Deeper or Wider: A Perspective from Optimal Generalization Error with Sobolev Loss

Yahong Yang,Juncai He
2024-05-12
Abstract:Constructing the architecture of a neural network is a challenging pursuit for the machine learning community, and the dilemma of whether to go deeper or wider remains a persistent question. This paper explores a comparison between deeper neural networks (DeNNs) with a flexible number of layers and wider neural networks (WeNNs) with limited hidden layers, focusing on their optimal generalization error in Sobolev losses. Analytical investigations reveal that the architecture of a neural network can be significantly influenced by various factors, including the number of sample points, parameters within the neural networks, and the regularity of the loss function. Specifically, a higher number of parameters tends to favor WeNNs, while an increased number of sample points and greater regularity in the loss function lean towards the adoption of DeNNs.
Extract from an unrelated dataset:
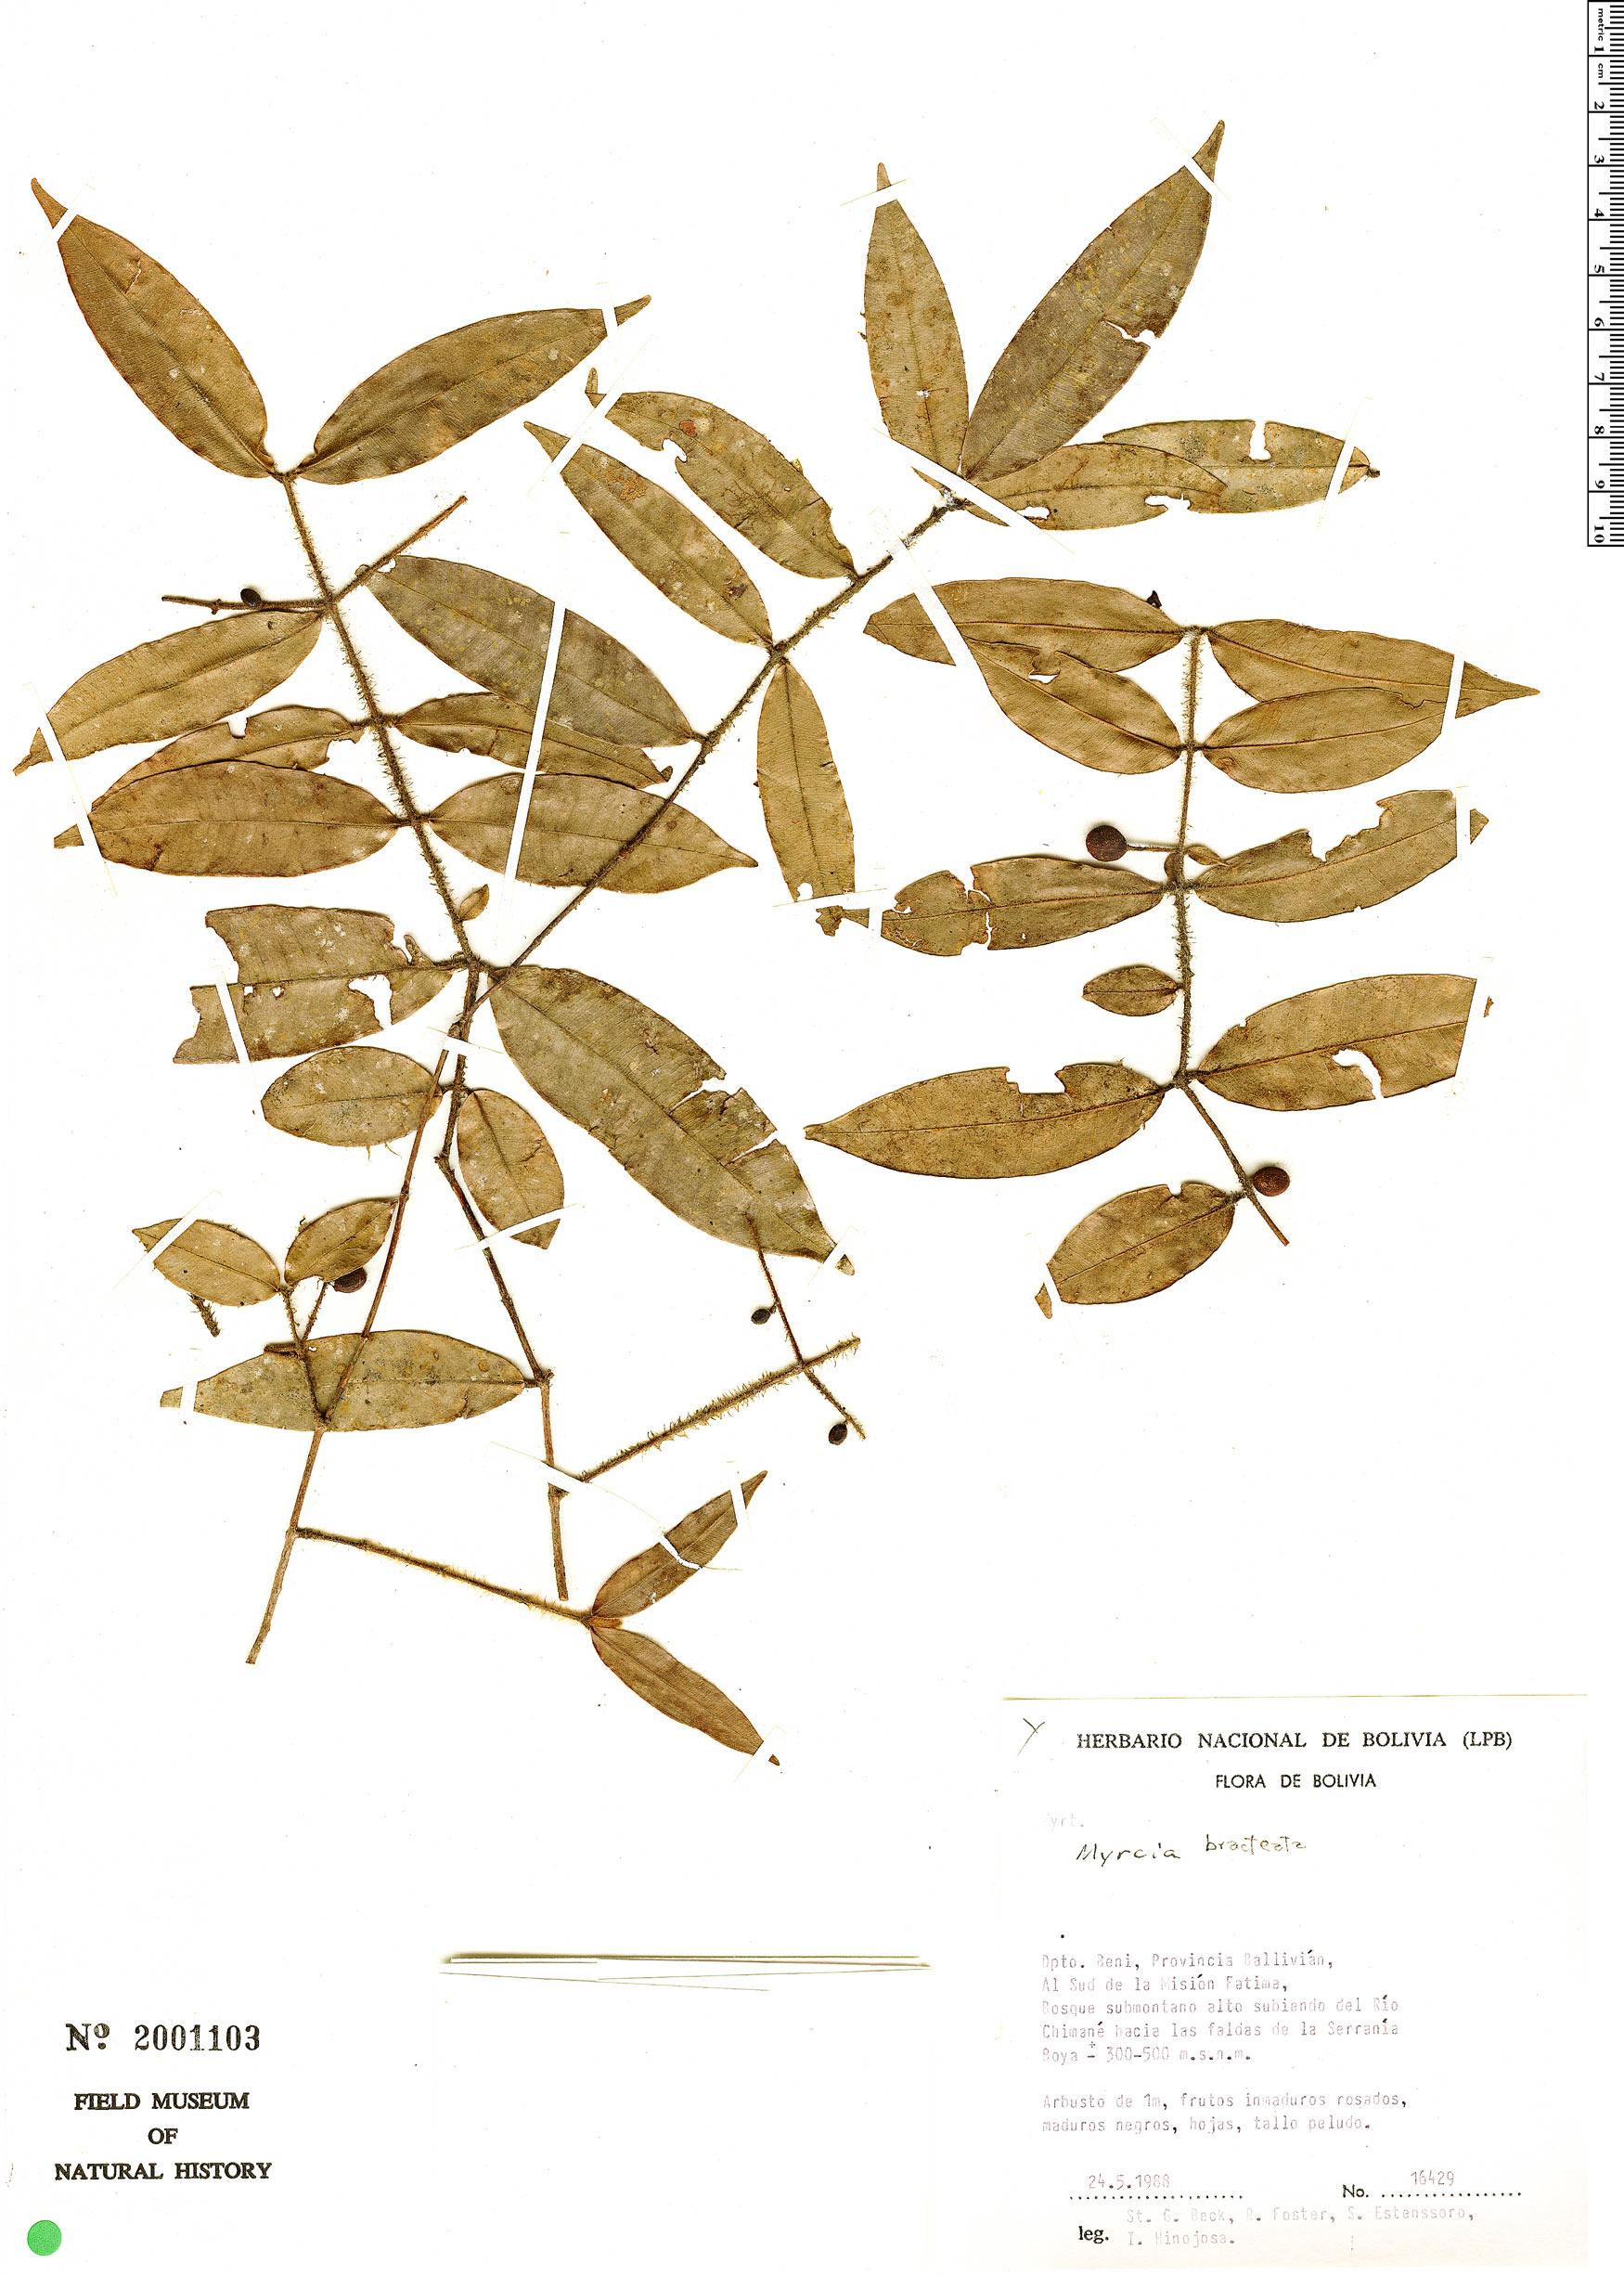 Espécime: Myrcia bracteata

We ultimately apply this theory to address partial differential equations using deep Ritz and physics-informed neural network (PINN) methods, guiding the design of neural networks.
Machine Learning,Numerical Analysis
What problem does this paper attempt to address?
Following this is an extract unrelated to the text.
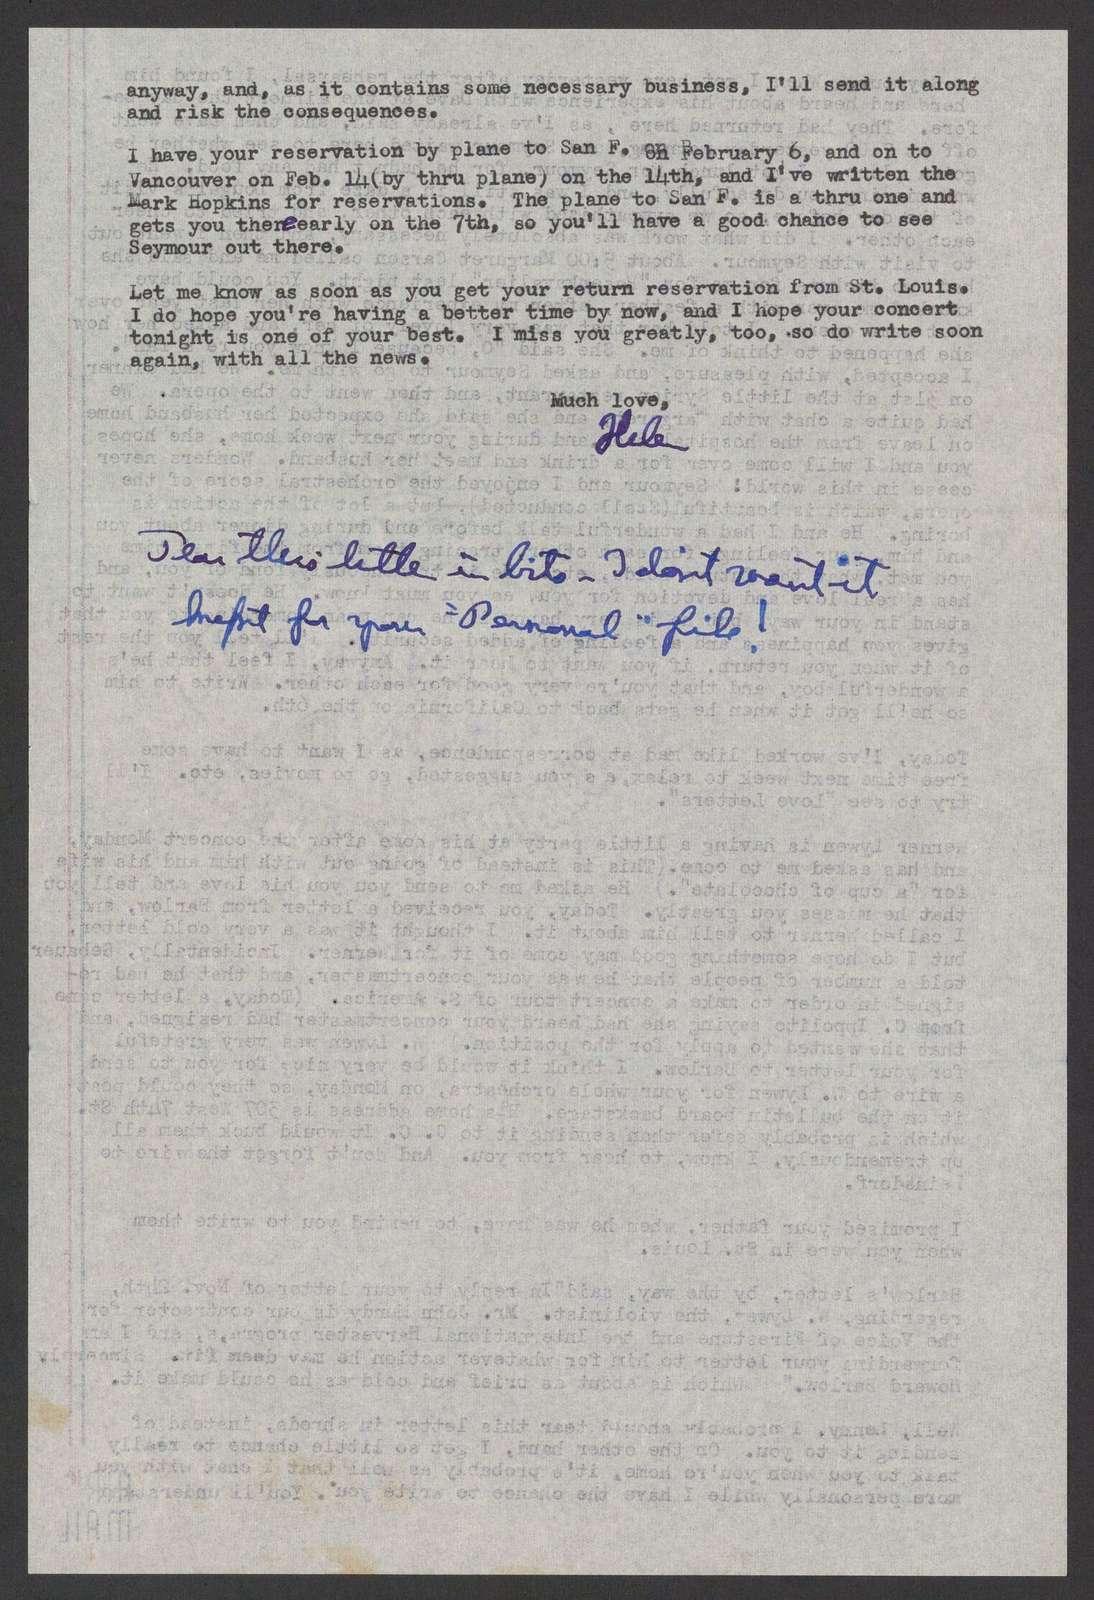 Helen Coates to Leonard Bernstein, December 1, 1945

This paper mainly discusses the optimization of generalization error between Deep Neural Networks (DeNNs) and Wide Neural Networks (WeNNs) when using the Sobolev loss function. The study found that the architecture of neural networks is influenced by factors such as the number of sample points, network parameters, and the regularity of the loss function. When the number of parameters is large, wide neural networks have an advantage; while the performance of deep neural networks is better when the number of sample points increases and the regularity of the loss function improves. The paper points out through theoretical analysis that wide neural networks perform well in tasks that require a shallower architecture, while deep neural networks excel in handling complex representations and computations. Deep neural networks can achieve high-precision approximation even with fewer parameters, which is called "overfitting". However, as the network depth increases, training becomes more complex and requires more sample points to capture the complex relationships in the data. The aim of the paper is to comprehensively analyze the optimal generalization error of these two types of neural networks under the Sobolev training setting. It decomposes the generalization error into approximation error and sampling error, and compares the performance of DeNNs and WeNNs under different loss functions. The results show that when there are ample sample points but limited parameters, DeNNs outperform WeNNs; on the other hand, if there are more parameters but limited sample points, WeNNs are more suitable. In addition, as the derivative order increases in the loss function, the advantage region of DeNNs expands. In summary, this paper provides guidance for selecting the appropriate neural network architecture, emphasizing the importance of balancing depth and width based on the available number of sample points and parameters.